When asked where the students were getting the drug, SROs reported that about one-third get it from their friends or parents, followed by buying it on the black market, and to a lesser extent buying it at retail outlets or from medical marijuana users.

SROs reported sixth-graders toking before class and boys using marijuana as a dating tool; one 18-year-old had been given a marijuana card for her birthday by her parents. Several students became combative in class when they were searched.

School counselors reported similar observations. Students arrive in the morning or come back from lunch openly stoned. The counselors report that the attitude among students is that it’s fine because it’s legal, and it’s “not a drug, it’s just a plant.” In the words of one respondent, a school superintendent, “I didn’t think [legalization] would affect things any more than alcohol does, but we’ve been impacted more than we thought. Because of the fact that [marijuana] is now legal, it’s viewed differently by kids. . . . It’s the availability and overall mindset that leads to problems.”

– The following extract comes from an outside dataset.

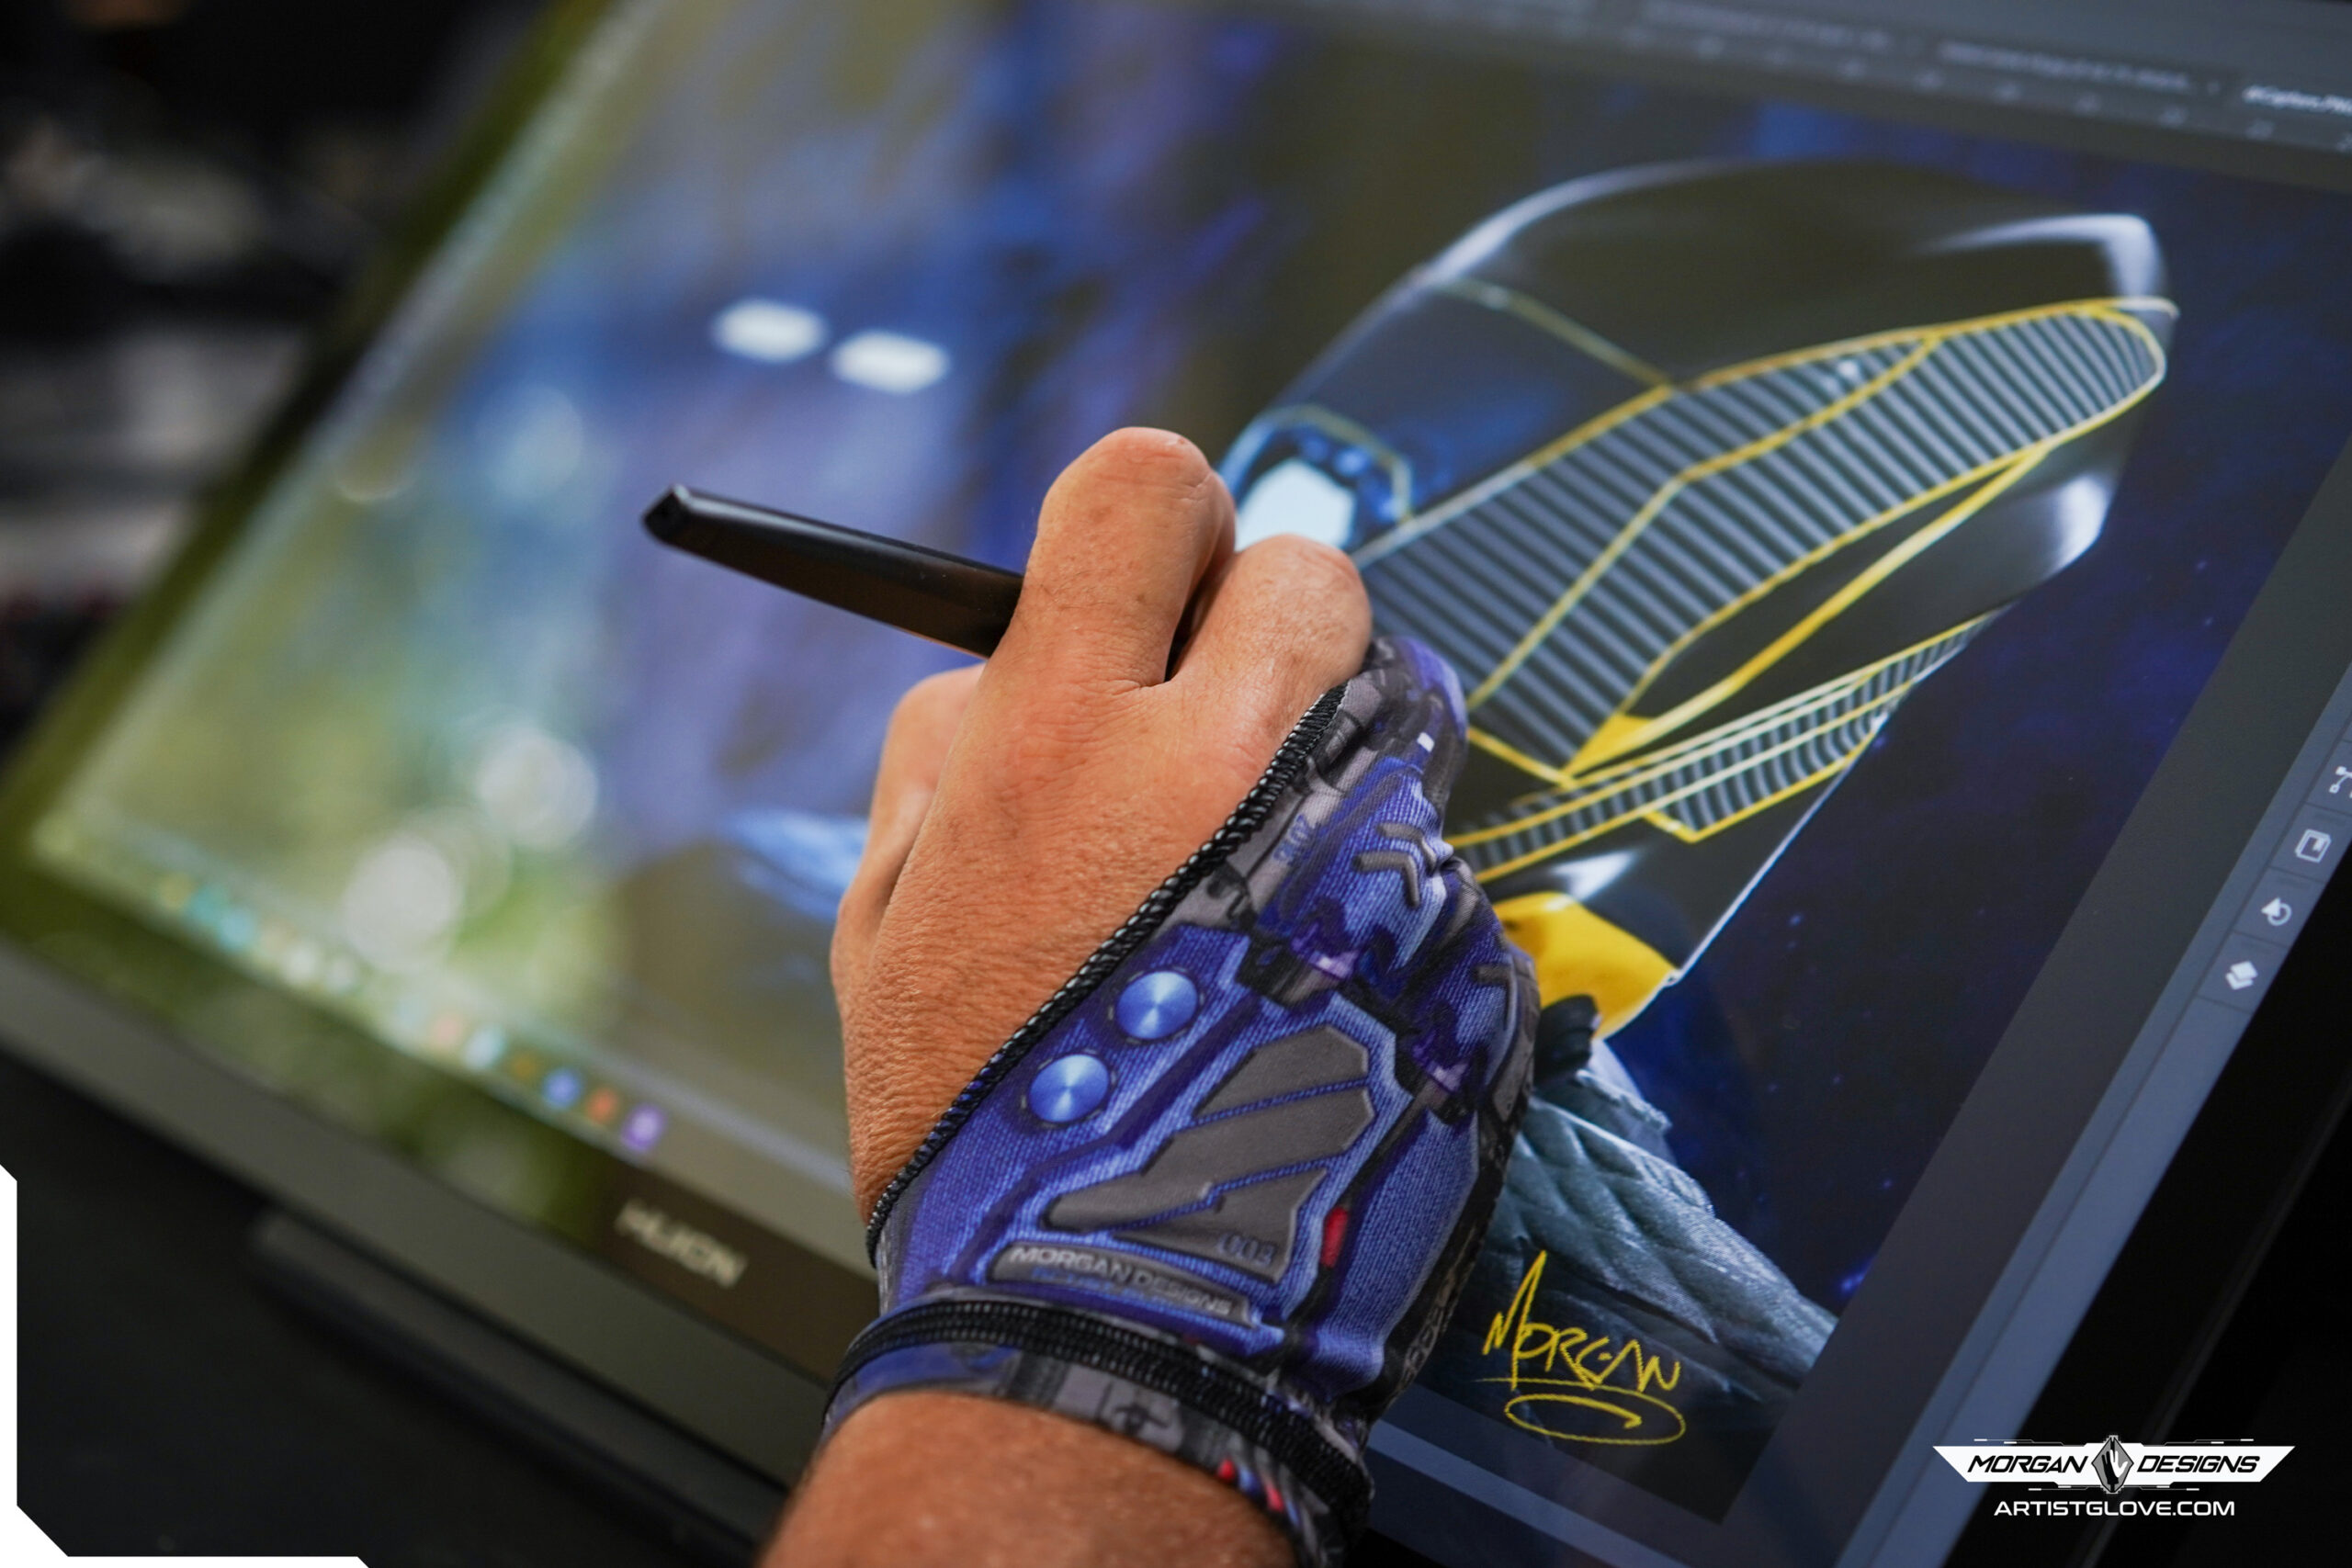 Shop Drawing Gloves For Tablet online

The RMHIDTA report on student marijuana use includes a definitive study by Dr. Muiris Houston in Lancet Psychiatry that finds that daily users of marijuana under age 17 are 60 percent more likely to drop out of high school or quit college without getting a degree, that the same demographic is seven times more likely to commit suicide, and eight times more likely to move on to other drugs later on. A number of other sources are quoted in the report for easy reference by those concerned about the health effects on young people.

Finally, the report quotes an article in Clinical Pediatrics (June 10, 2015), which found that young children under the age of six are increasingly exposed to marijuana nationwide, and that these children in states where marijuana is legal “face significantly elevated risks of exposure and poisoning.”